What's exactly wrong about the following hypothetical Haskell code? When I compile it in my brain, it should output "1".

foo :: forall a. forall b. forall c. (a -> b) -> c -> Integer -> b
foo f x n = if n > 0 then f True else f x

bar :: forall a. a -> Integer
bar x = 1

main = do
     putStrLn (show (foo bar 1 2))

GHC complains:

$ ghc -XRankNTypes -XScopedTypeVariables poly.hs 

poly.hs:2:28:
     Couldn't match expected type `a' against inferred type `Bool'
       `a' is a rigid type variable bound by
           the type signature for `foo' at poly.hs:1:14
     In the first argument of `f', namely `True'
     In the expression: f True
     In the expression: if n > 0 then f True else f x

poly.hs:2:40:
     Couldn't match expected type `Bool' against inferred type `c'
       `c' is a rigid type variable bound by
            the type signature for `foo' at poly.hs:1:34
     In the first argument of `f', namely `x'
     In the expression: f x
     In the expression: if n > 0 then f True else f x

What does that mean?

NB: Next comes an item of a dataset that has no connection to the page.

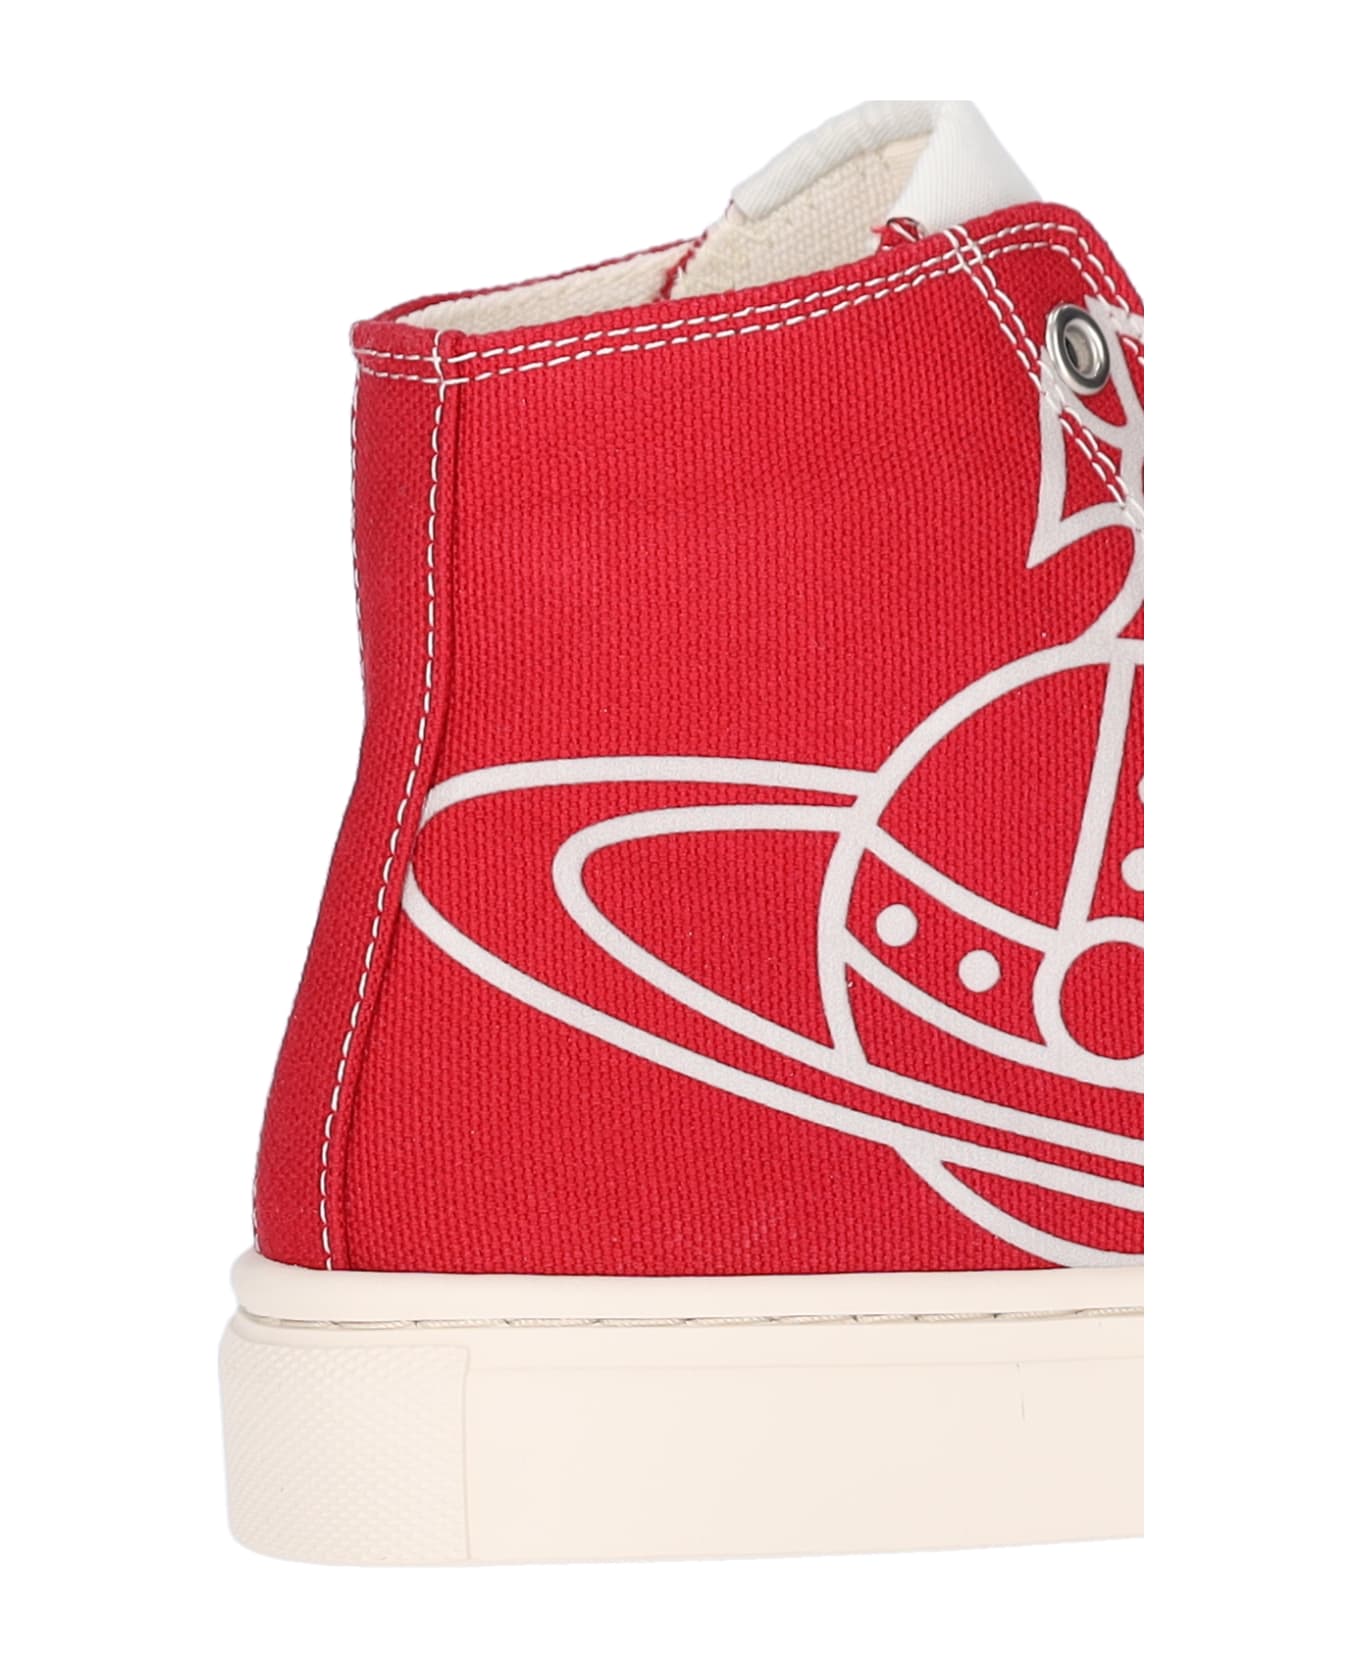 Vivienne Westwood "plimsoll High" Sneakers - Red

Isn't it valid Rank-N polymorphism? (Disclaimer: I'm absolutely not a Haskell programmer, but OCaml doesn't support such explicit type signatures.)

Answer 1

You're not actually using rank-N polymorphism in your code.

foo :: forall a. forall b. forall c. (a -> b) -> c -> Integer -> b

This is an ordinary rank-1 type. It reads: forall a,b and c this function can take a function of type a -> b, a value of type c and an Integer and return a value of type b. So it says that it can take a function of type Bool -> Integer or a function of type Integer -> Integer. It does not say that the function has to be polymorphic in its argument. To say that, you need to use:

foo :: forall b. forall c. (forall a. a -> b) -> c -> Integer -> b

Now you're saying that the type of the function needs to be forall a. a -> b, where b is fixed, but a is a newly introduced variable, so the function needs to be polymorphic in its argument.